Eyes, two eyes in a room. Sleepy kind eyes behind mother-of-pearl lids. In a neat, somewhat ‘Continental’, face. A prim, laterally, but full, longitudinally, set of lips. Straight feet. Small figure, but sharply outlined. She would be up to no further than his chin, which was important. By far the best he had seen in a long while.
He saw her first one Saturday afternoon while standing in a cold and bright and echoey hall. Vehicles passed in the near distance. The shouts of some corner boys came from over the wall outside. Easy to know the ones who will die young and those who drink their milk, he thought. Many thoughts came to him. Thirty expectant faces stared at his. She was wearing a green woollen suit; he was wearing a waistcoat that was intended to look serious. This was an intermediate and uncertain time in his life. He had a foretelling of the seizure to come when he found he could not summon a note. It is possible, he thought, that many of these young men and women, many the same age as myself and many attendees or recent graduates of the university, have heard of the ignominy of the months before in the pages of their College Tribune .
But all he had to do was look at those kind encouraging eyes and he felt a flap of feathers in his heart. He realised that the terror that had seemed to go on for an hour must only have filled him for a second. Suddenly everything was well. And he sang, eventually, like a nightingale. He sang ‘Claim Me in Spring’.
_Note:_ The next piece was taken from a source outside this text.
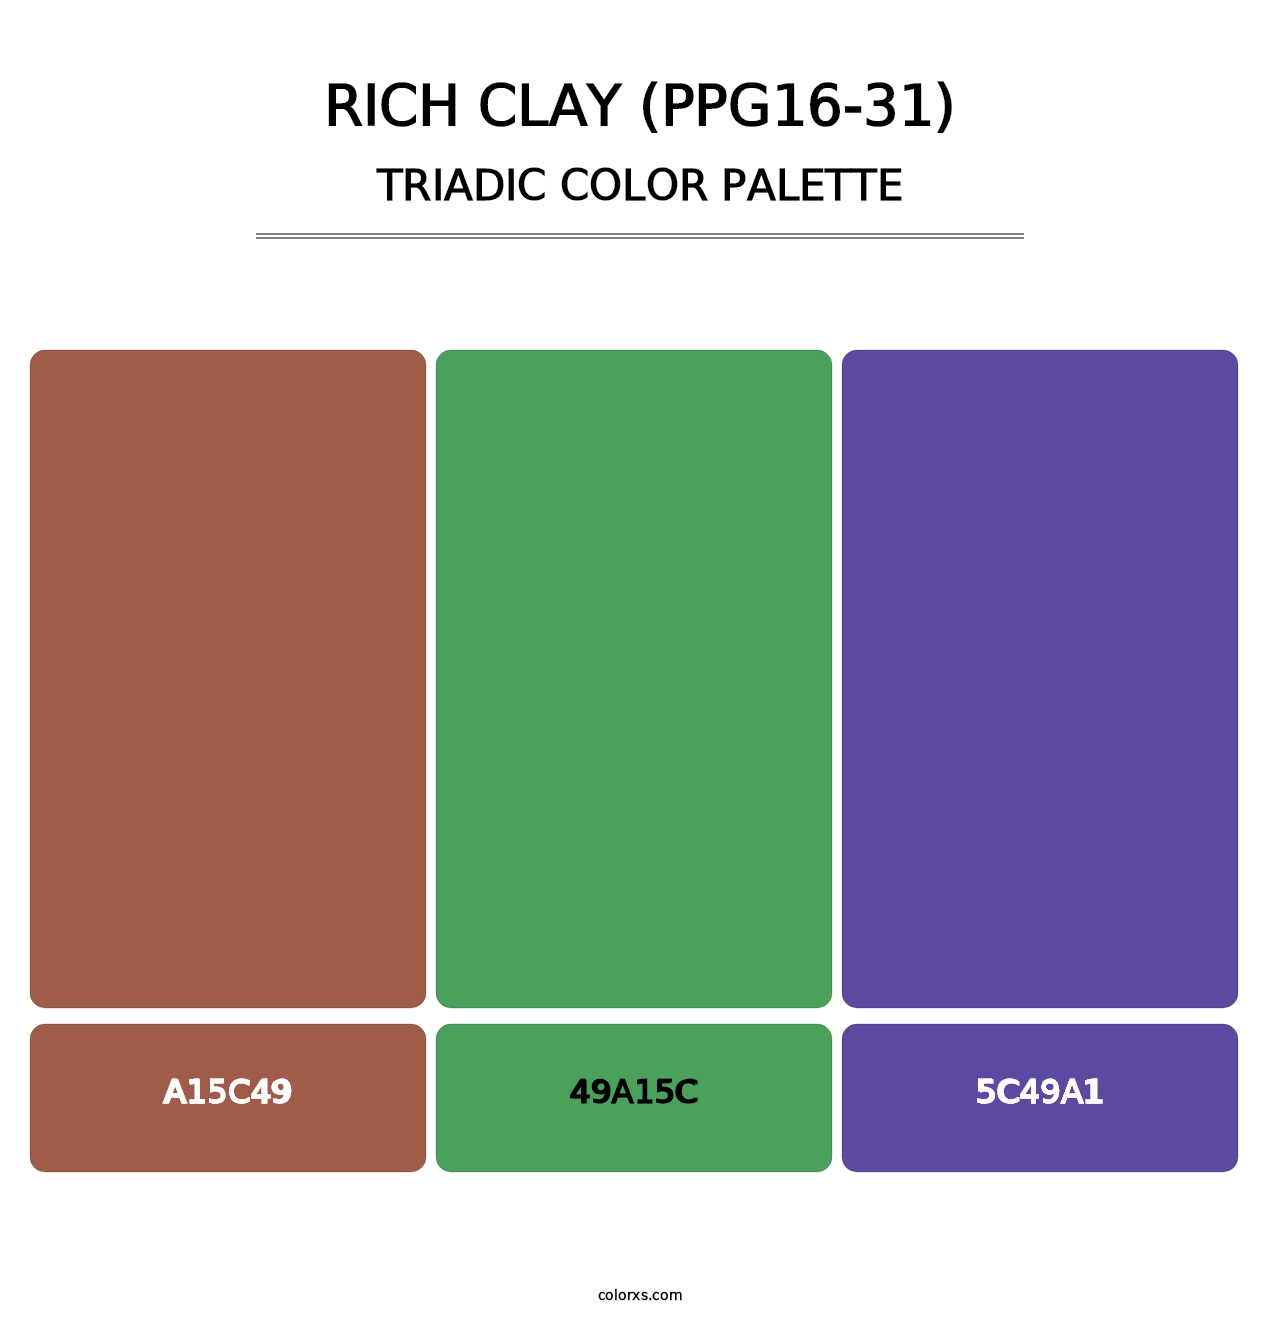 Rich Clay (PPG16-31) - Triadic Color Palette
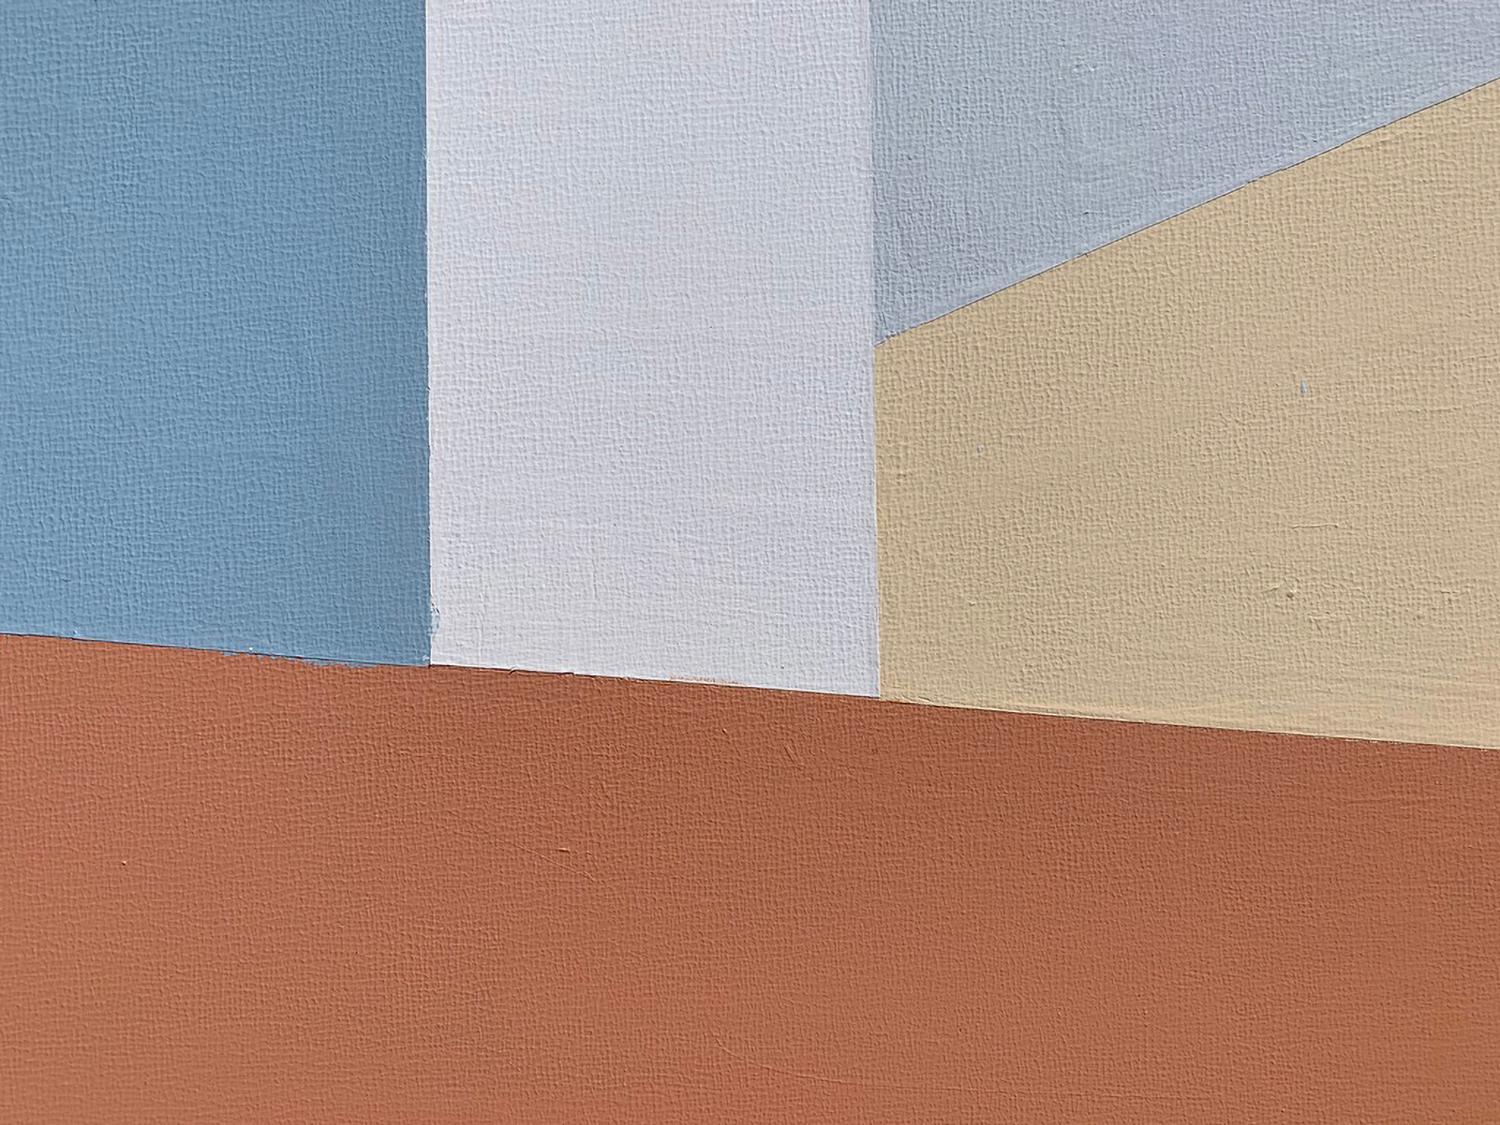 <p>Artist Comments<br>Artist Craig Rouse interprets an architectural abstract landscape using a limited color palette. He reimagines the organized structures into playful compositions of light and shadow. Geometric linework resembles built

This was a time in Ireland when you married the first girl that you met and loved.
***
As agreed, following his performance Missus Dwyer, the choral-society president, asked him questions in front of the group. They were very searching questions. Evidently she had got her mitts on that copy of the College Tribune that carried the story of his defeat and embarrassment in Italy.
‘Well we knew you would be good and aren’t you “the business”. But tell us now about your time in Milano with Silvio Tosi. Did he find that there were limits to what he could teach the Irish tenor? We are not at cellular level so “hot” on the high B flats, are we? I’m told it’s to do with the positioning of our clavicles in relation to the ribs around the other side. The audiences in those opera houses in the small towns really “know their stuff” I have heard.’
‘They are demanding people, but they are not wealthy people, so they are naturally demanding,’ said Denny.
‘They let their feelings be known, to the debutante as well as to the singer of many years’ experience, if they don’t like what they hear, isn’t that true?’
‘I don’t know about that, Missus Dwyer.’
He looked back at the girl in the green suit and found that her sleepy eyes continued to show encouragement and also a curious tolerance. It gave him the strength not only to carry on under this line of questioning but to not be afraid of speaking about his failings.
‘No, no, I mean to say, indeed they do, Missus Dwyer. And the same audience does not give you a second chance. Well — there are some regional opera houses that might give the beginner a fresh start, it’s true, but by that stage Maestro Tosi had already decided that an opera career was not for me.’
He said all of this with his eyes fixed on the girl.
‘Are you determined now to prove that his judgement was wrong?’ said Missus Dwyer.
‘No I am not,’ said Denny. ‘Don’t you know what pride comes before, Missus Dwyer? I will never enter that world again. I will make my name instead as a singer of the type of ballad I have just sung for you. I see myself very much of that world instead. It is a world more humble and in almost every way more honest than that of Italian opera. Give me the moon rising over Gougane Barra over the sun setting on Sorrento Bay any day, Missus Dwyer!’
‘Such an interesting and novel and sentimental outlook, Mister Logan.’
‘Let me tell you a piece of bunk that Maestro Tosi once told me.’
Warming now to his oratory, he made sure the eye-to-eye connection with the girl was firm and unmistakable.